What is needed is a word-for-word copy of the lines below from the one with "ae2387eab3e Apple tiene" through the one with "Veredus Carbon Gel", both included, with every picture left out.

# DATA PROVIDED

•••

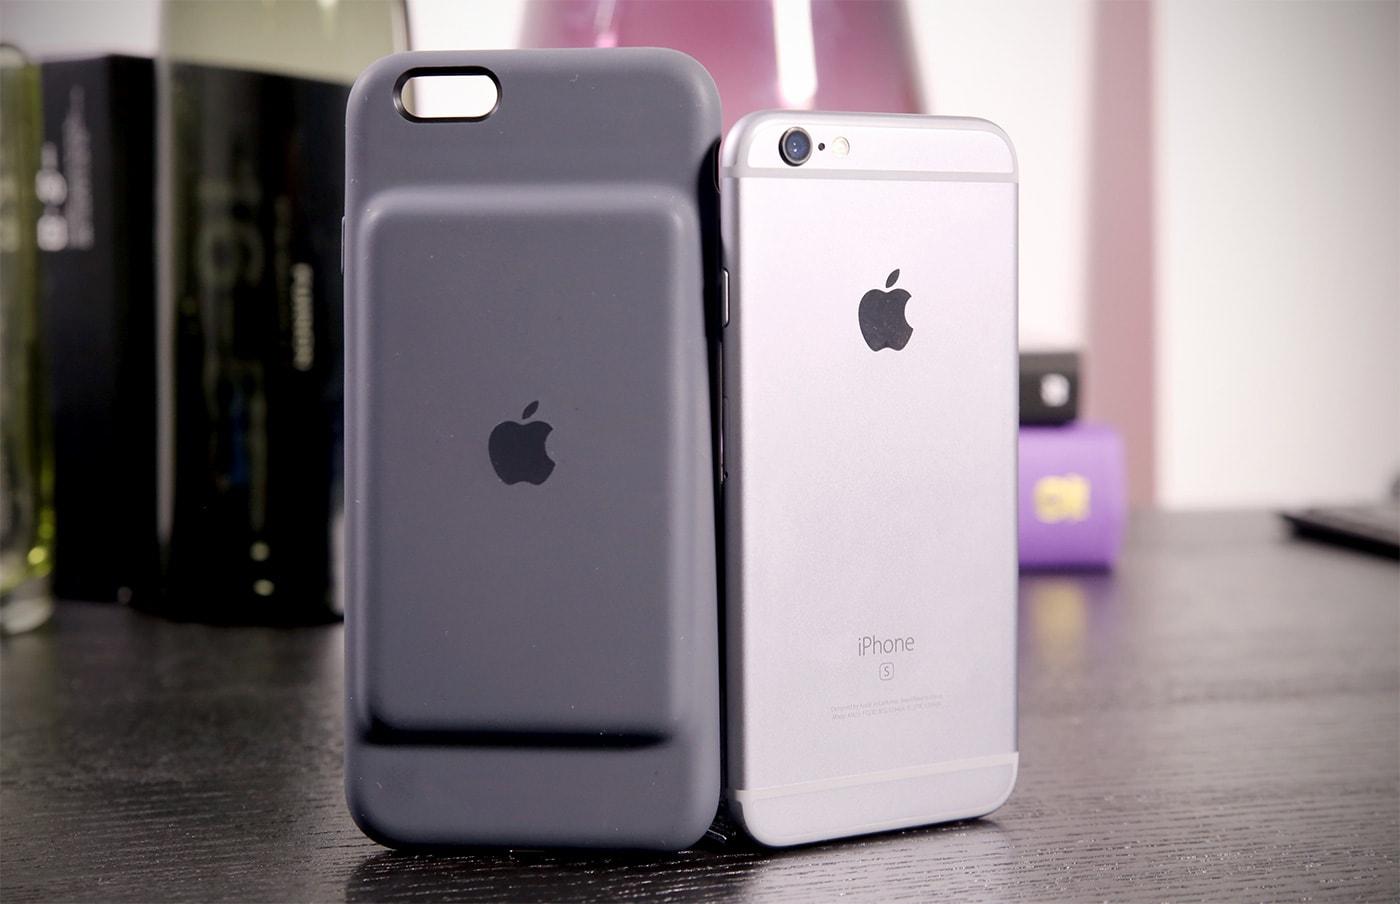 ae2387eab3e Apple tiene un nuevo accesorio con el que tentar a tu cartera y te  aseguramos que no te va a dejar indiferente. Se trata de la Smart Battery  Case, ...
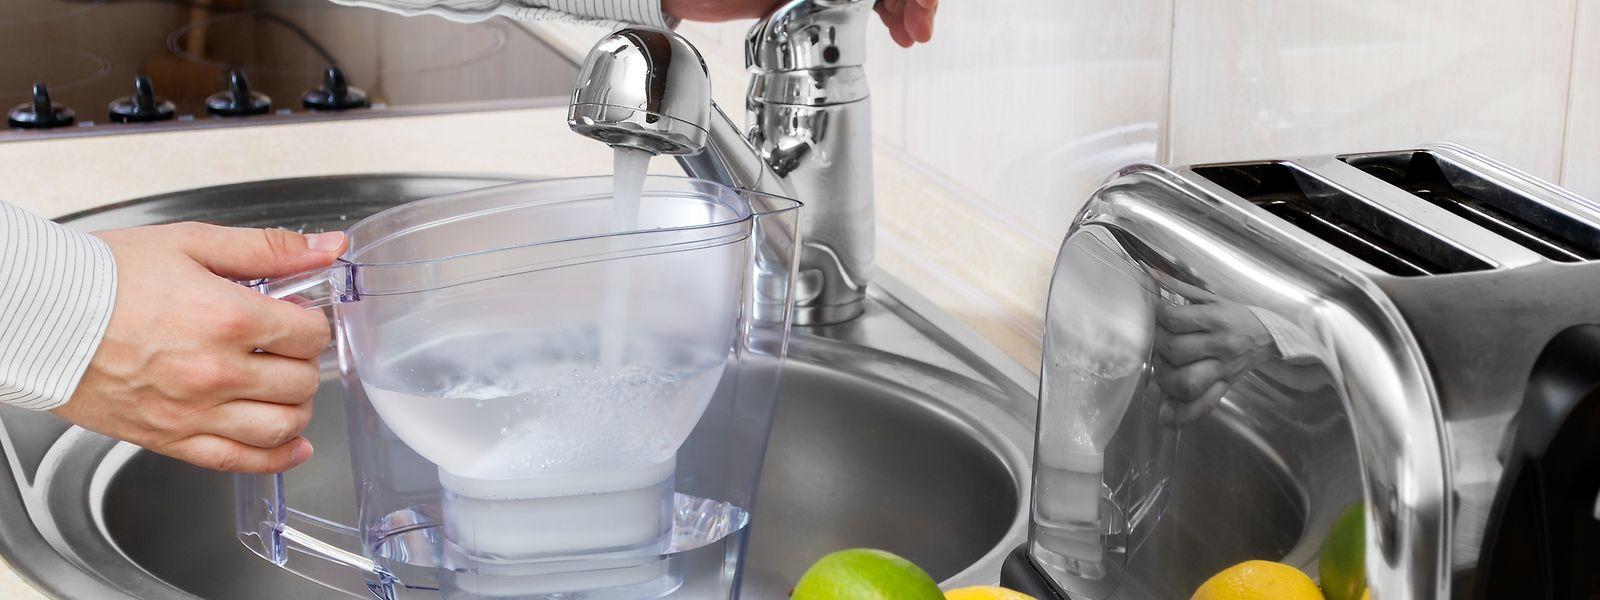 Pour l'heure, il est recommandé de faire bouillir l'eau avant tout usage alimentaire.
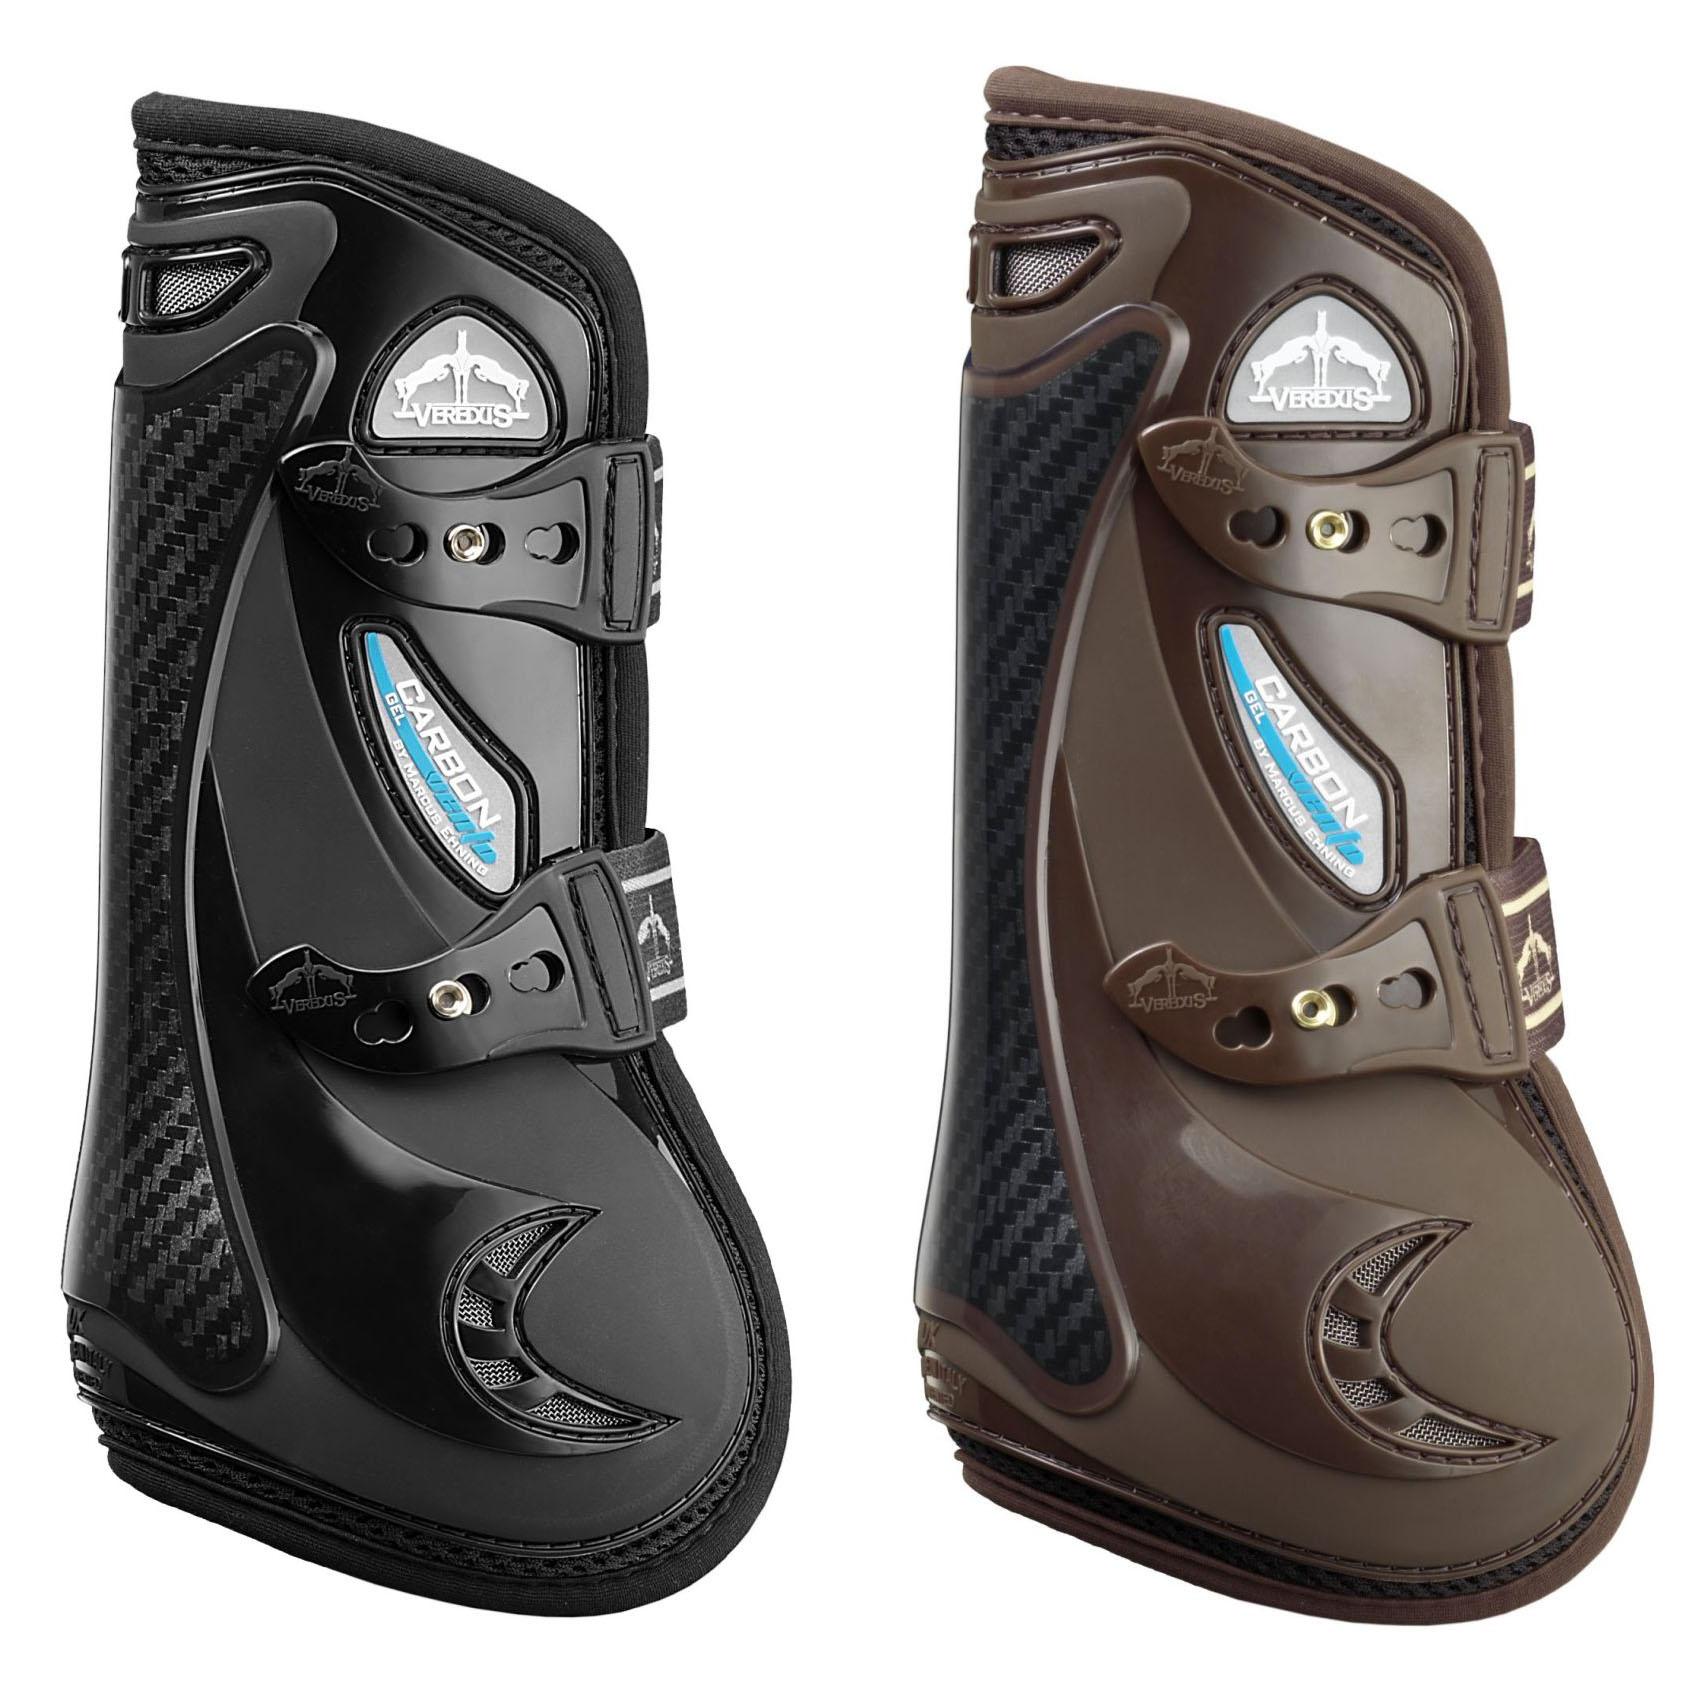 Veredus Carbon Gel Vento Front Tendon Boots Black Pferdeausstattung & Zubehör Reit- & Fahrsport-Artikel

•••

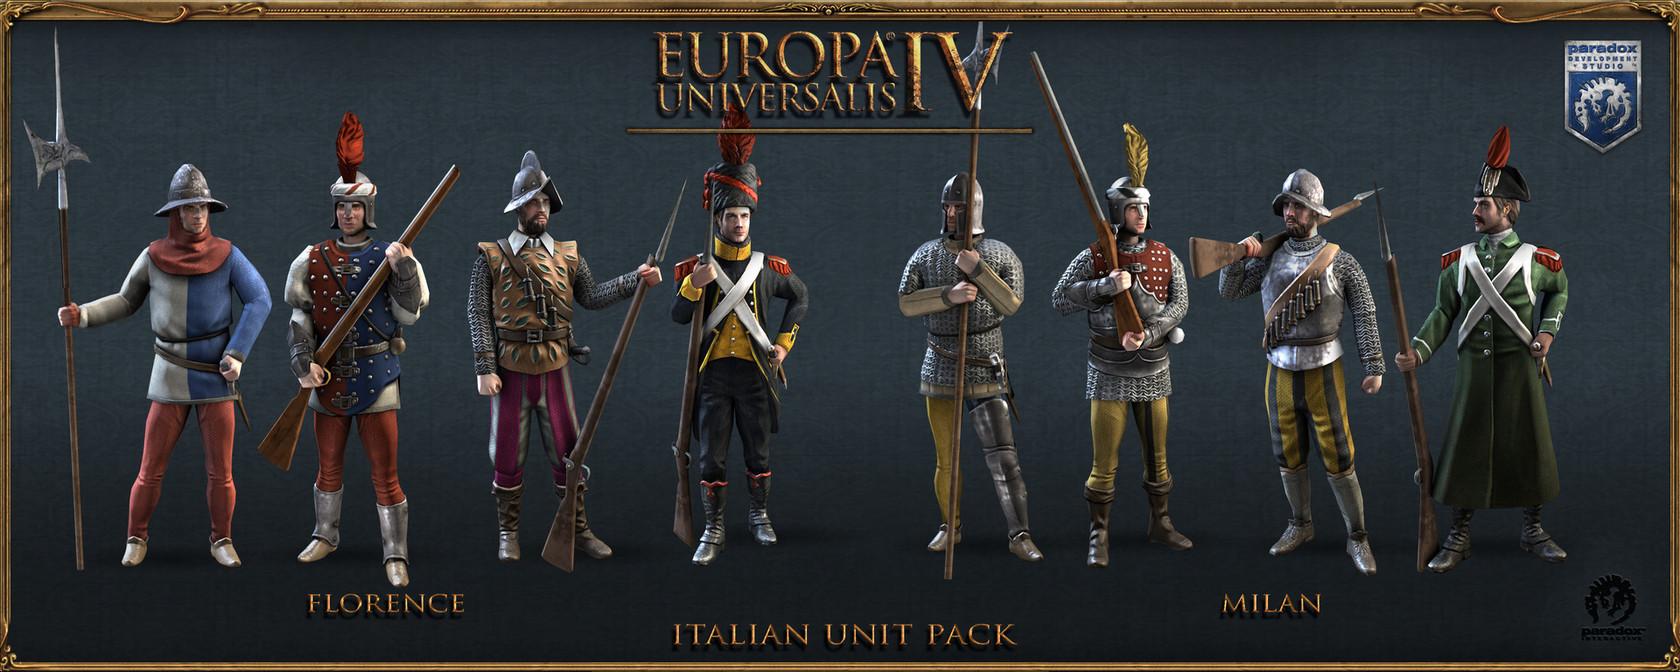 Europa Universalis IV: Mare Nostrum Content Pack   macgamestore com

•••

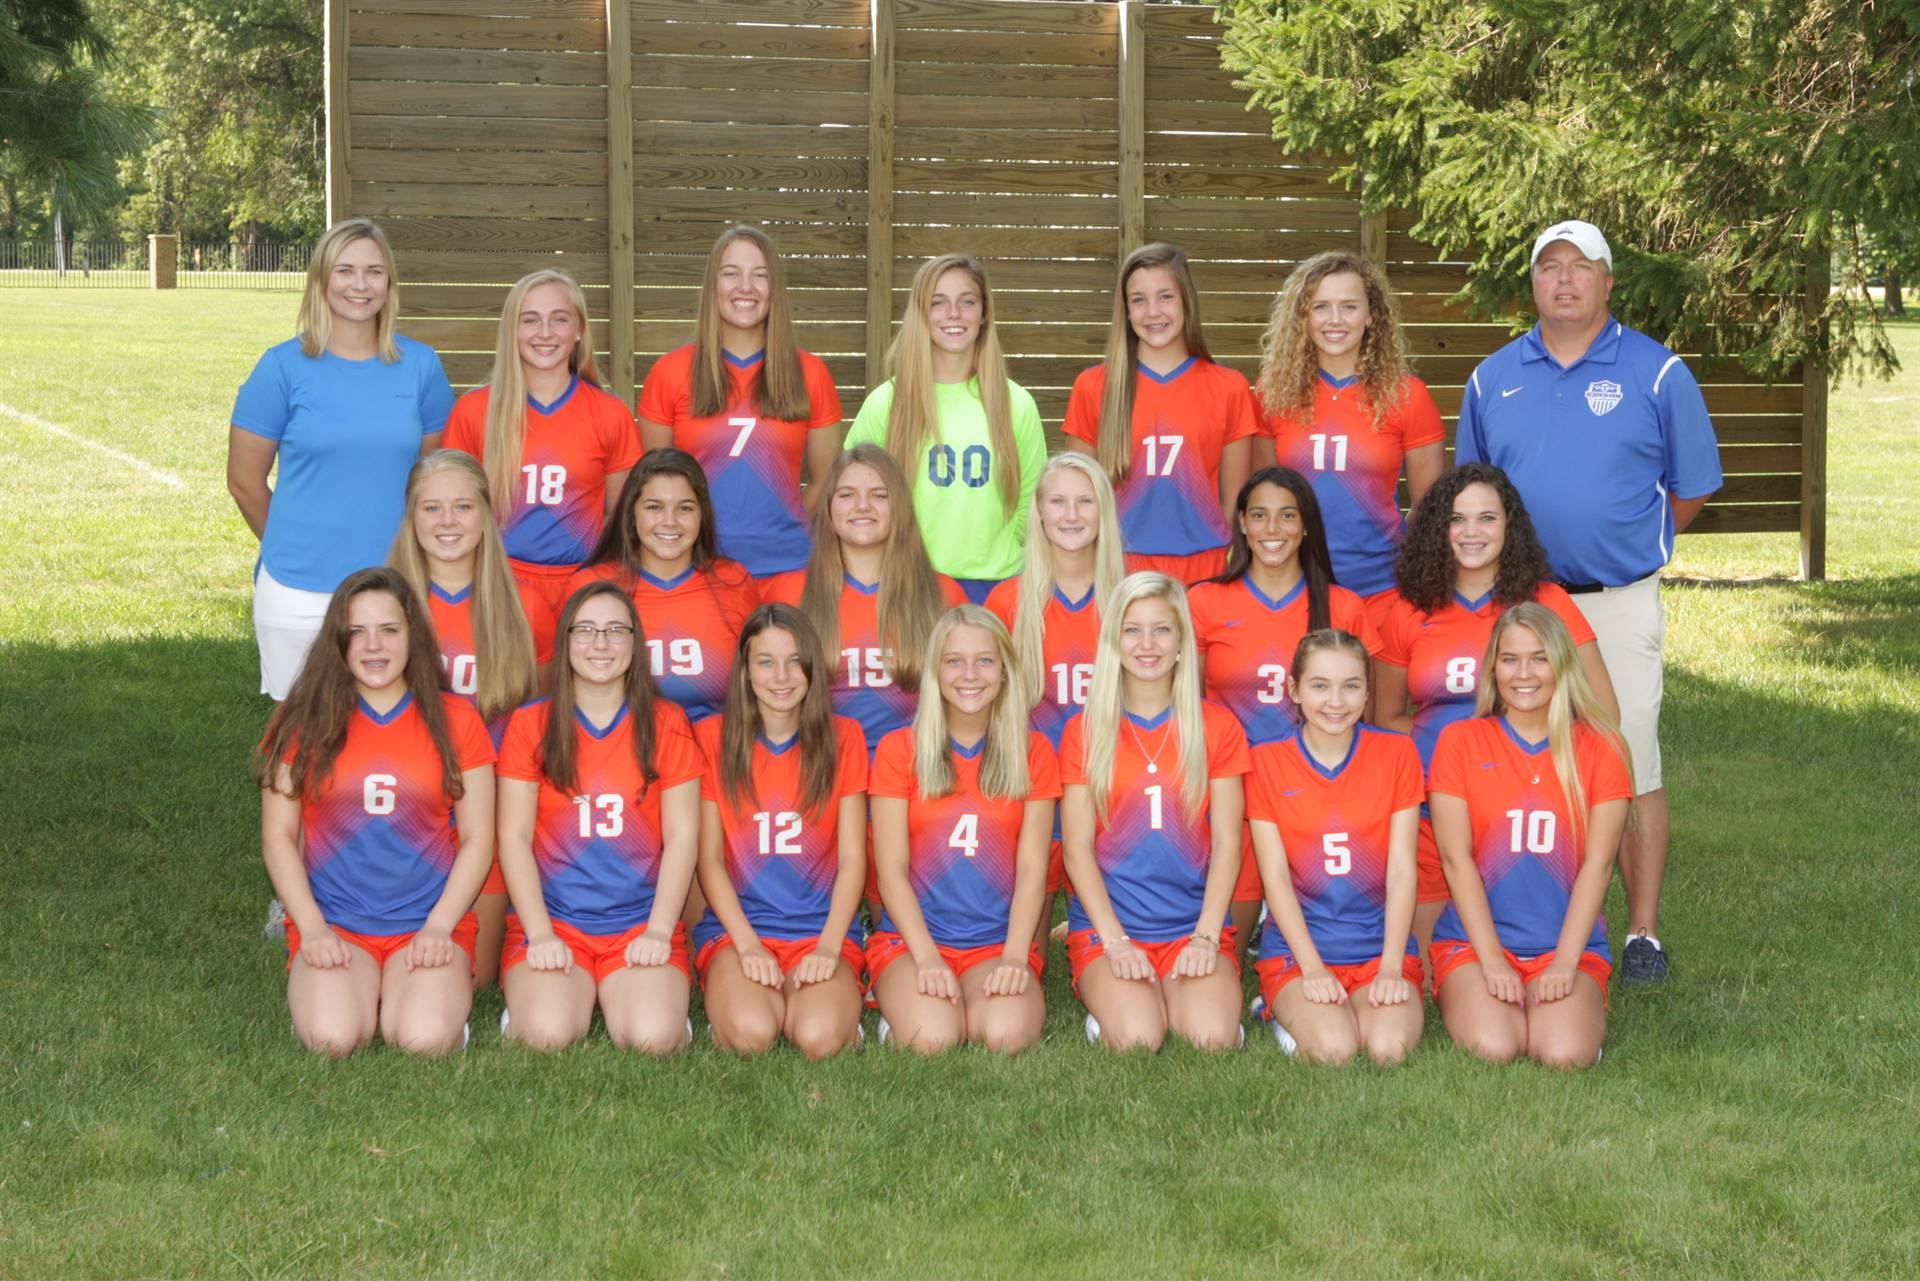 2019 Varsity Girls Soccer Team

•••

# FINISHED EXERCISE
 ae2387eab3e Apple tiene un nuevo accesorio con el que tentar a tu cartera y te  aseguramos que no te va a dejar indiferente. Se trata de la Smart Battery  Case, ...
 Pour l'heure, il est recommandé de faire bouillir l'eau avant tout usage alimentaire.
 Veredus Carbon Gel Vento Front Tendon Boots Black Pferdeausstattung & Zubehör Reit- & Fahrsport-Artikel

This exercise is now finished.